╭─ Input

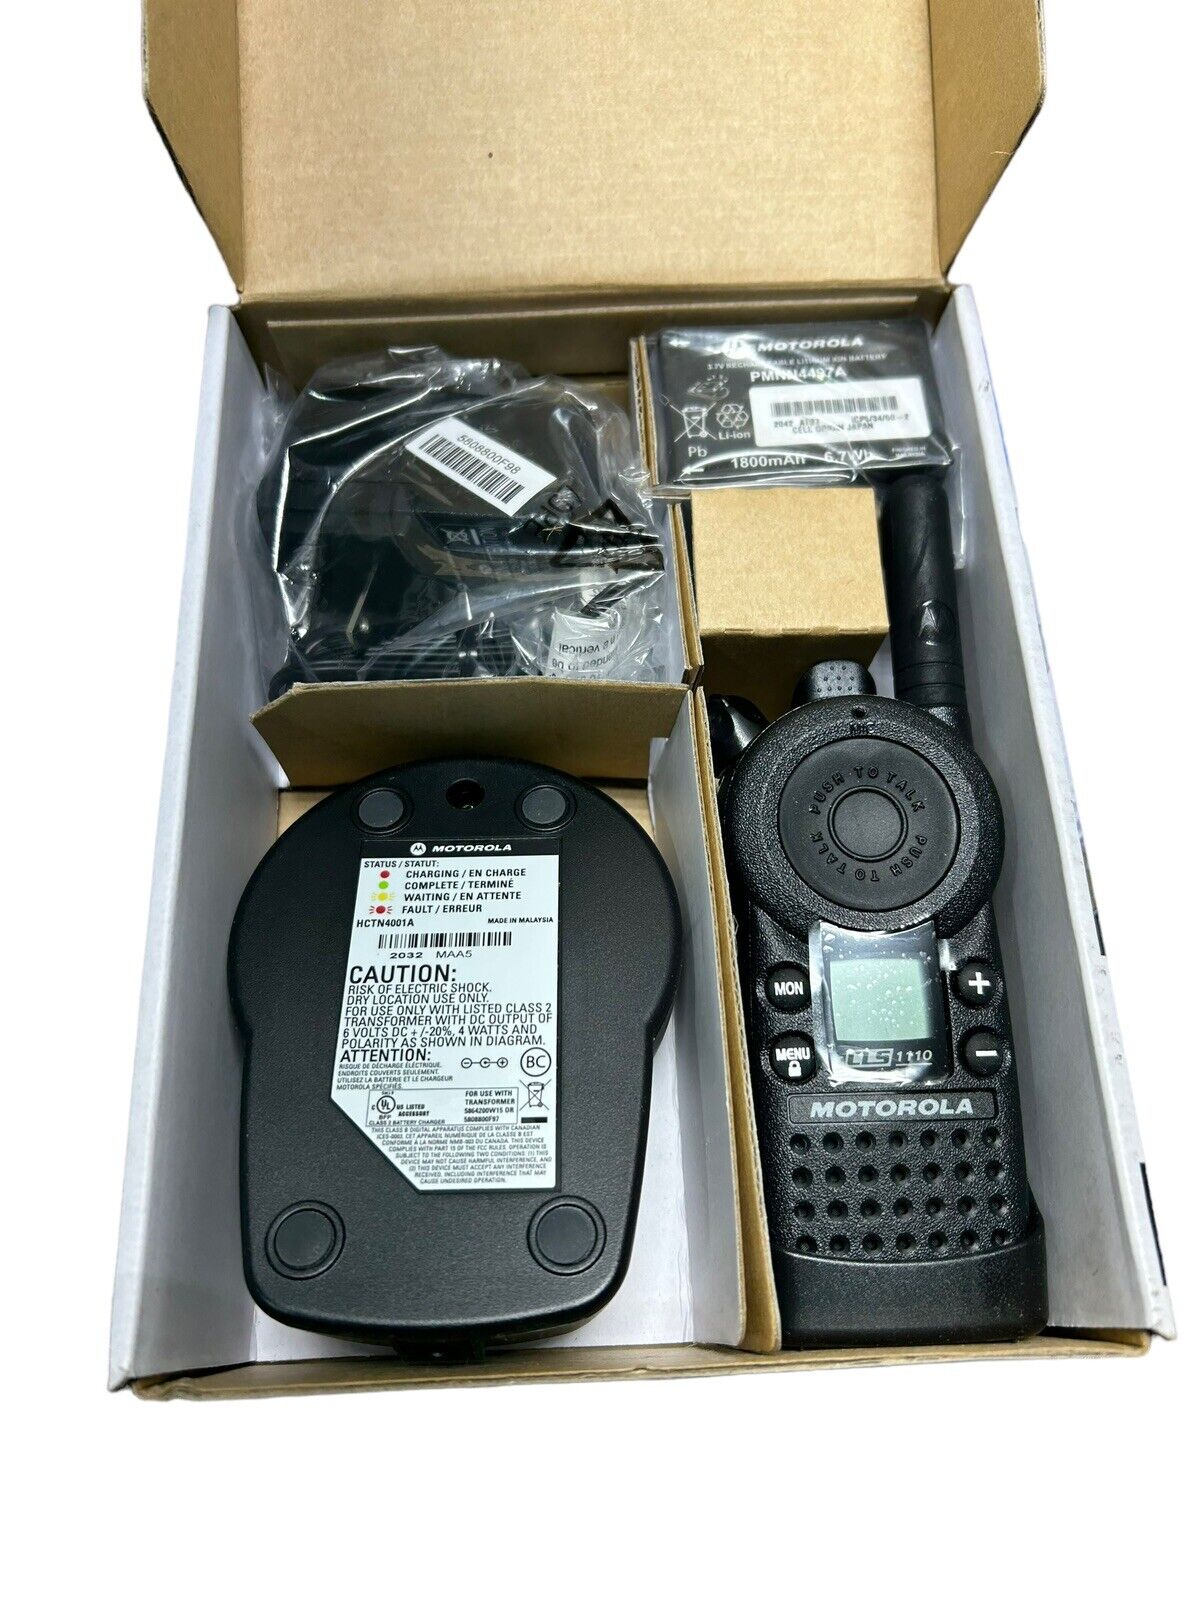 Pack of Motorola CLS1110 Walkie Talkie Radios with Headsets - 3
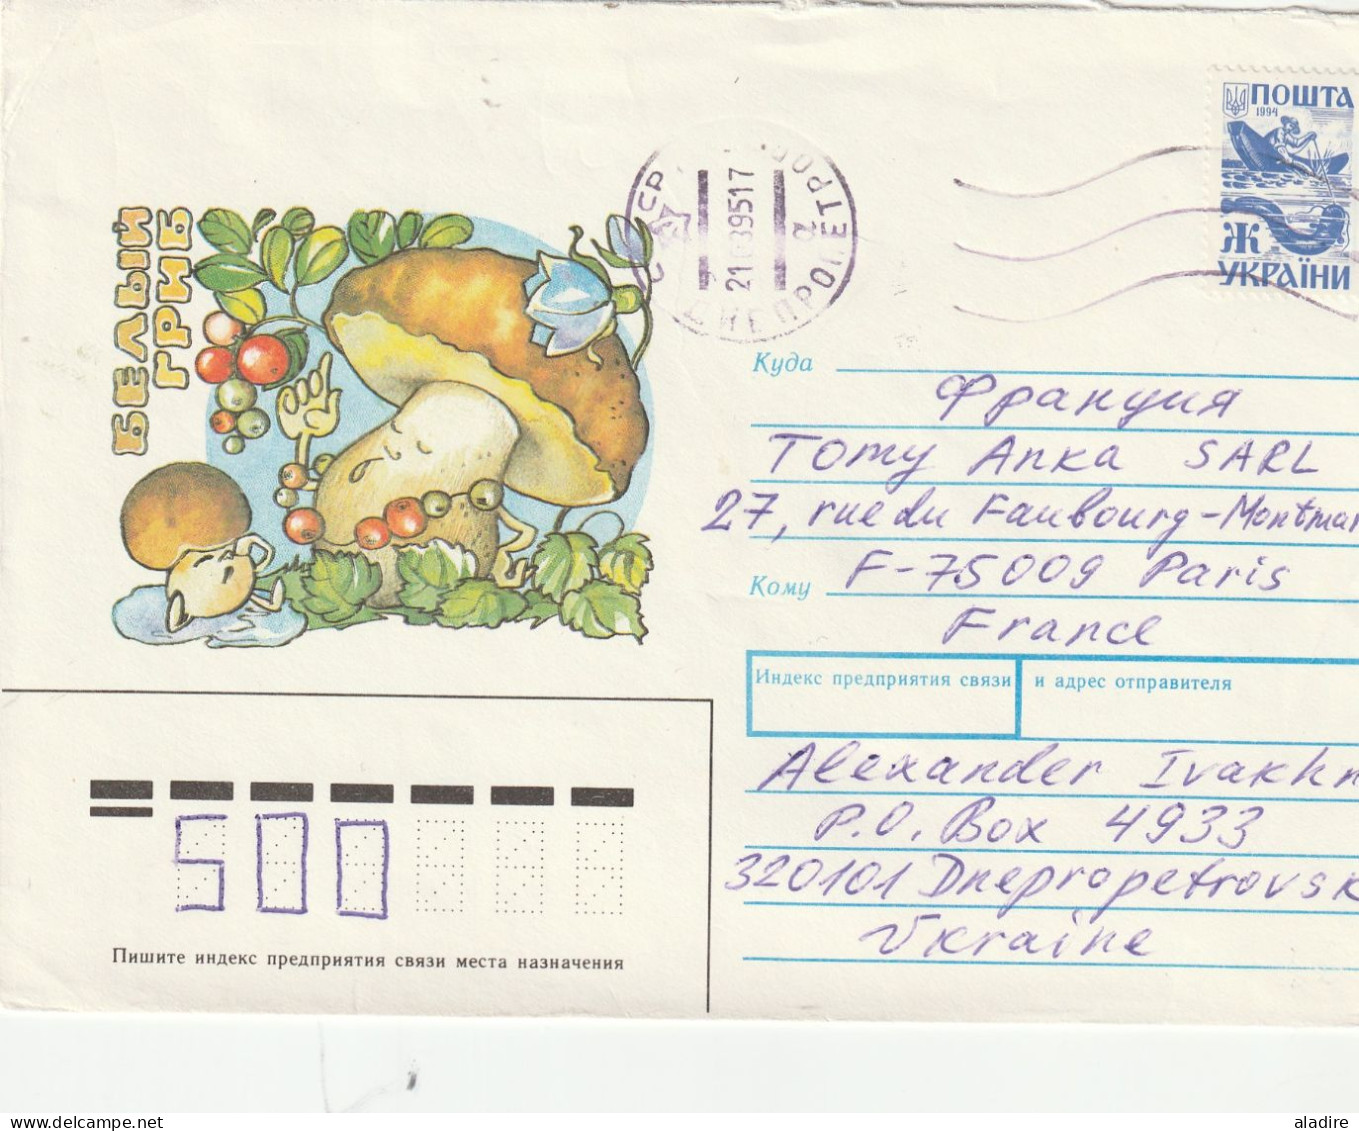 1811 - 1991 Україна UKRAINE - lot de 7 lettres, enveloppes et entiers  - 14 scans
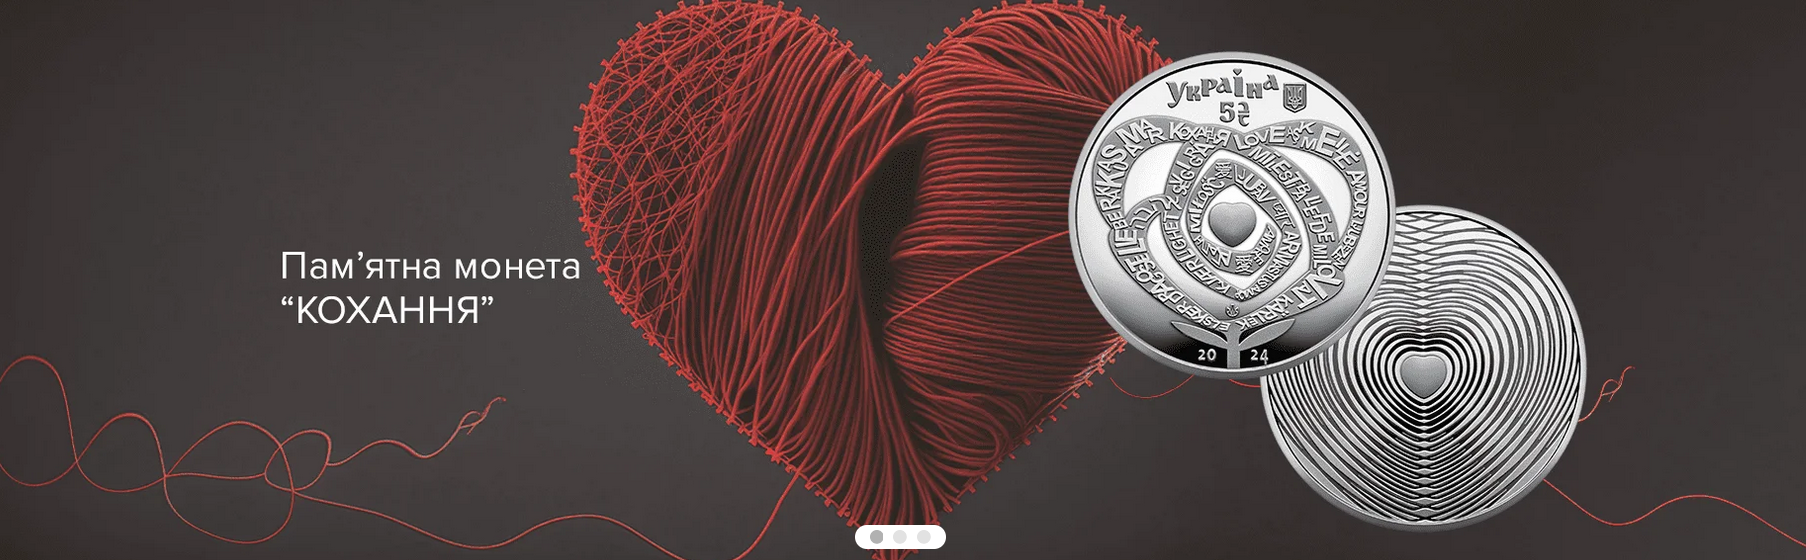 Национальный банк запустил в оборот памятную монету "Любовь"
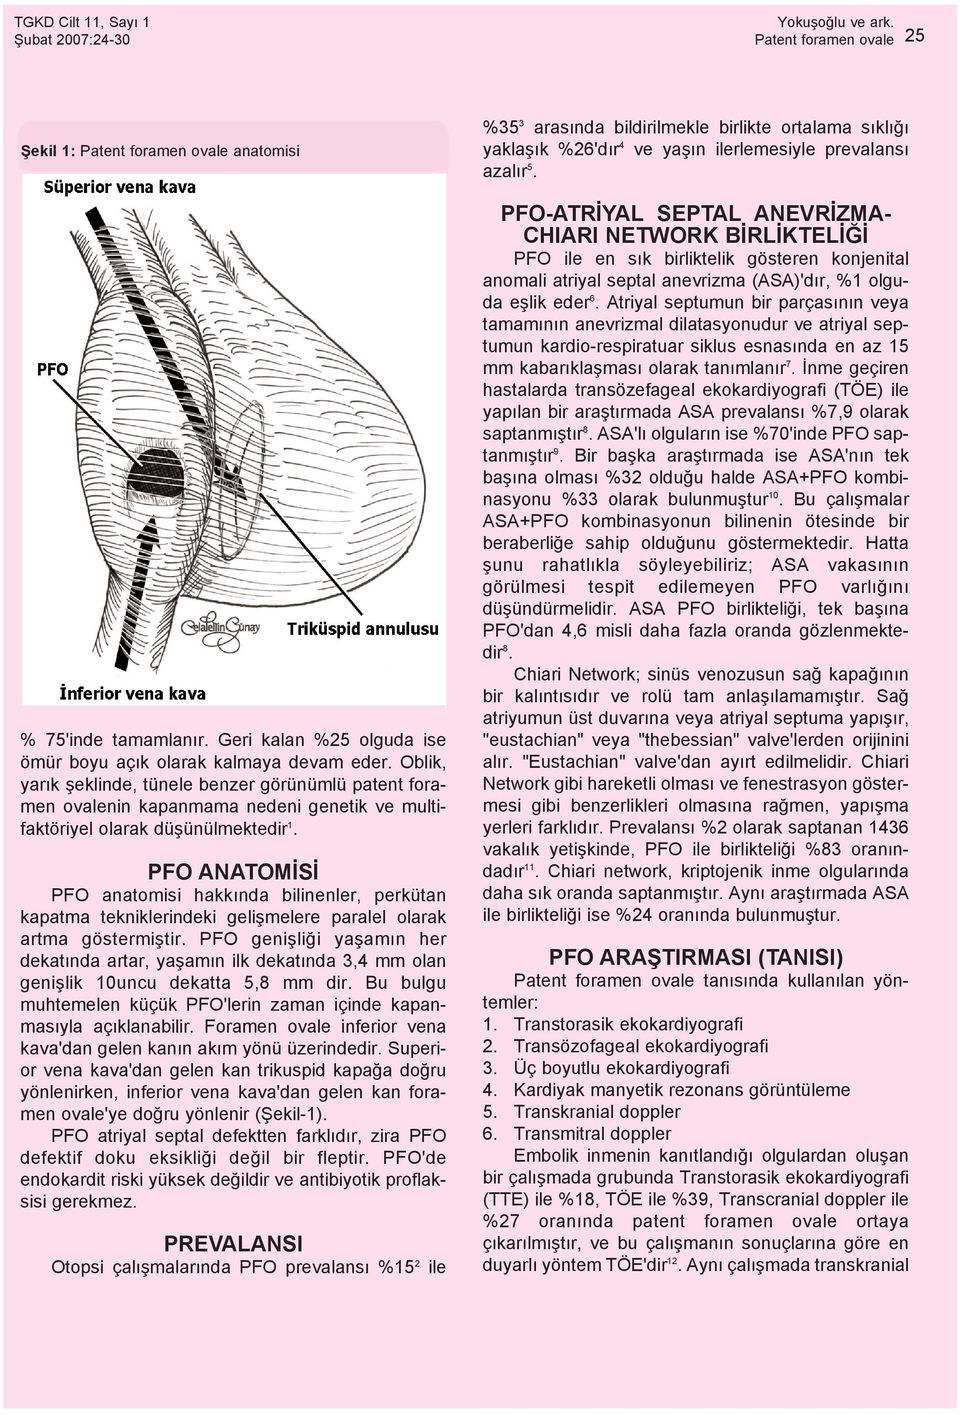 PFO ANATOMÝSÝ PFO anatomisi hakkýnda bilinenler, perkütan kapatma tekniklerindeki geliþmelere paralel olarak artma göstermiþtir.
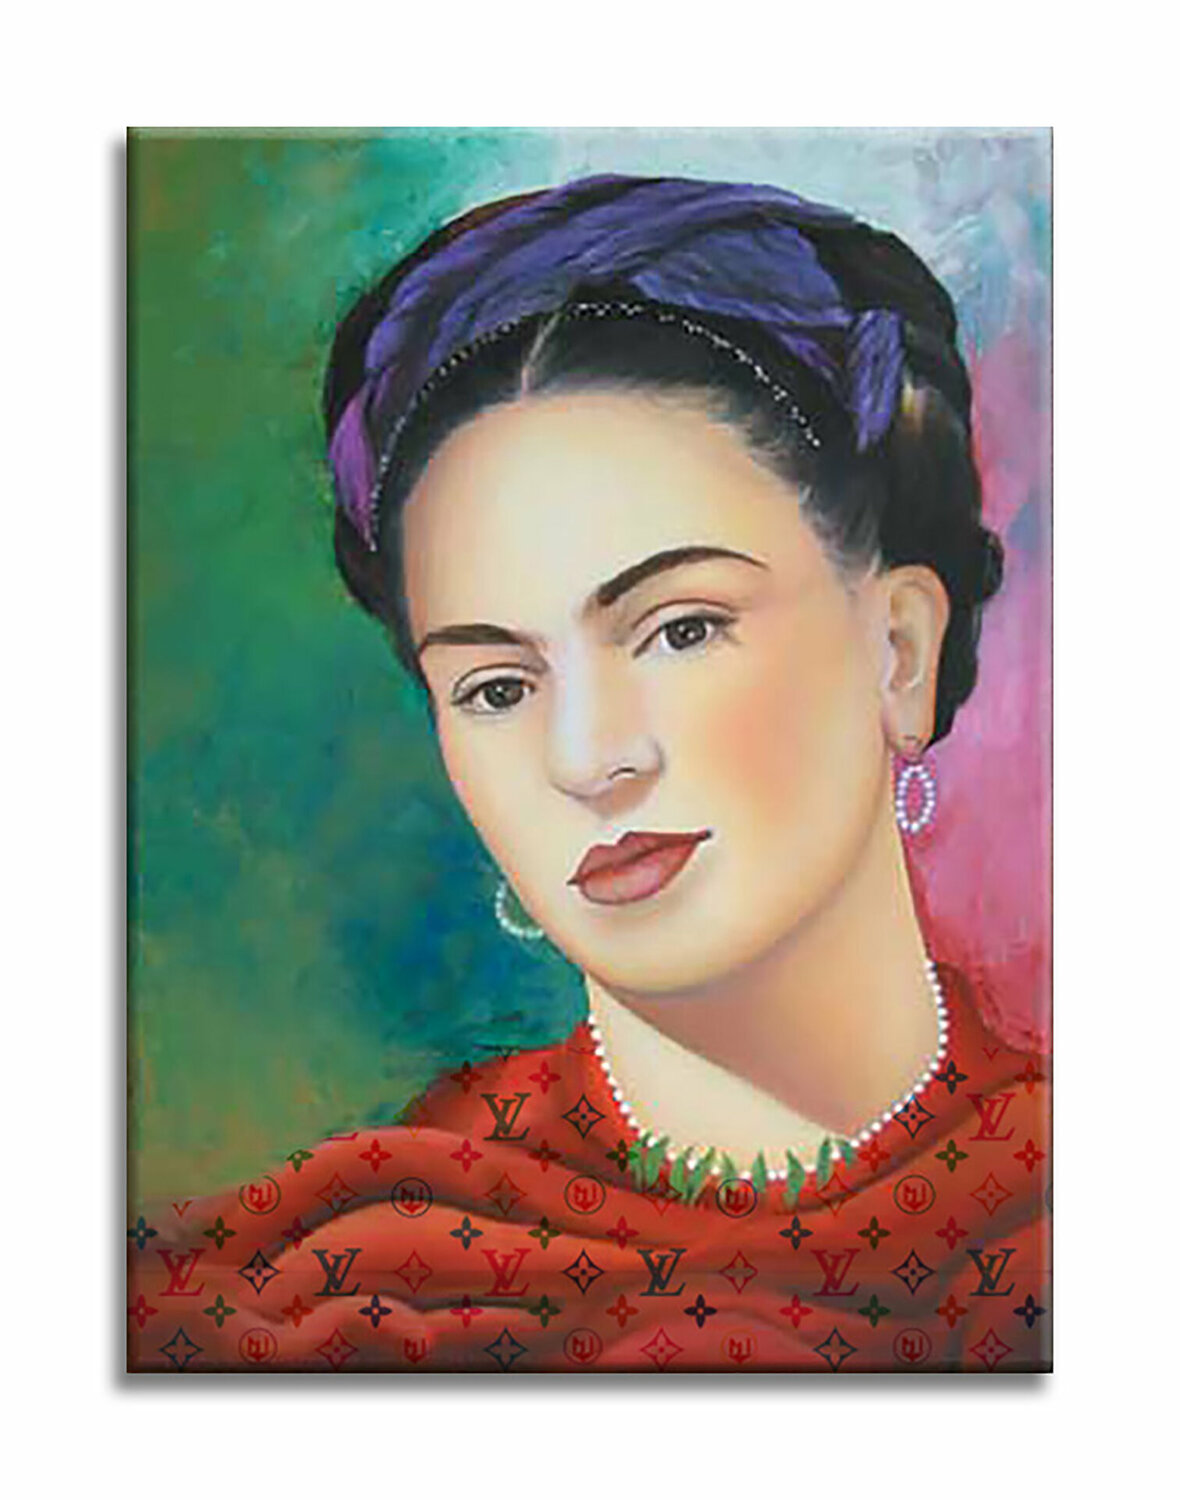 Frida Kahlo zu kaufen: Erwerben Sie Kunstwerke inspirierten von Frida

╰─

### Problem to work on
In the records above, find the line containing "1811 - 1991" and restate it and every line after it word for word, all pictures excluded.

### Answer section
 1811 - 1991 Україна UKRAINE - lot de 7 lettres, enveloppes et entiers  - 14 scans
 Национальный банк запустил в оборот памятную монету "Любовь"
 PFO ANATOMÝSÝ PFO anatomisi hakkýnda bilinenler, perkütan kapatma tekniklerindeki geliþmelere paralel olarak artma göstermiþtir.
 Frida Kahlo zu kaufen: Erwerben Sie Kunstwerke inspirierten von Frida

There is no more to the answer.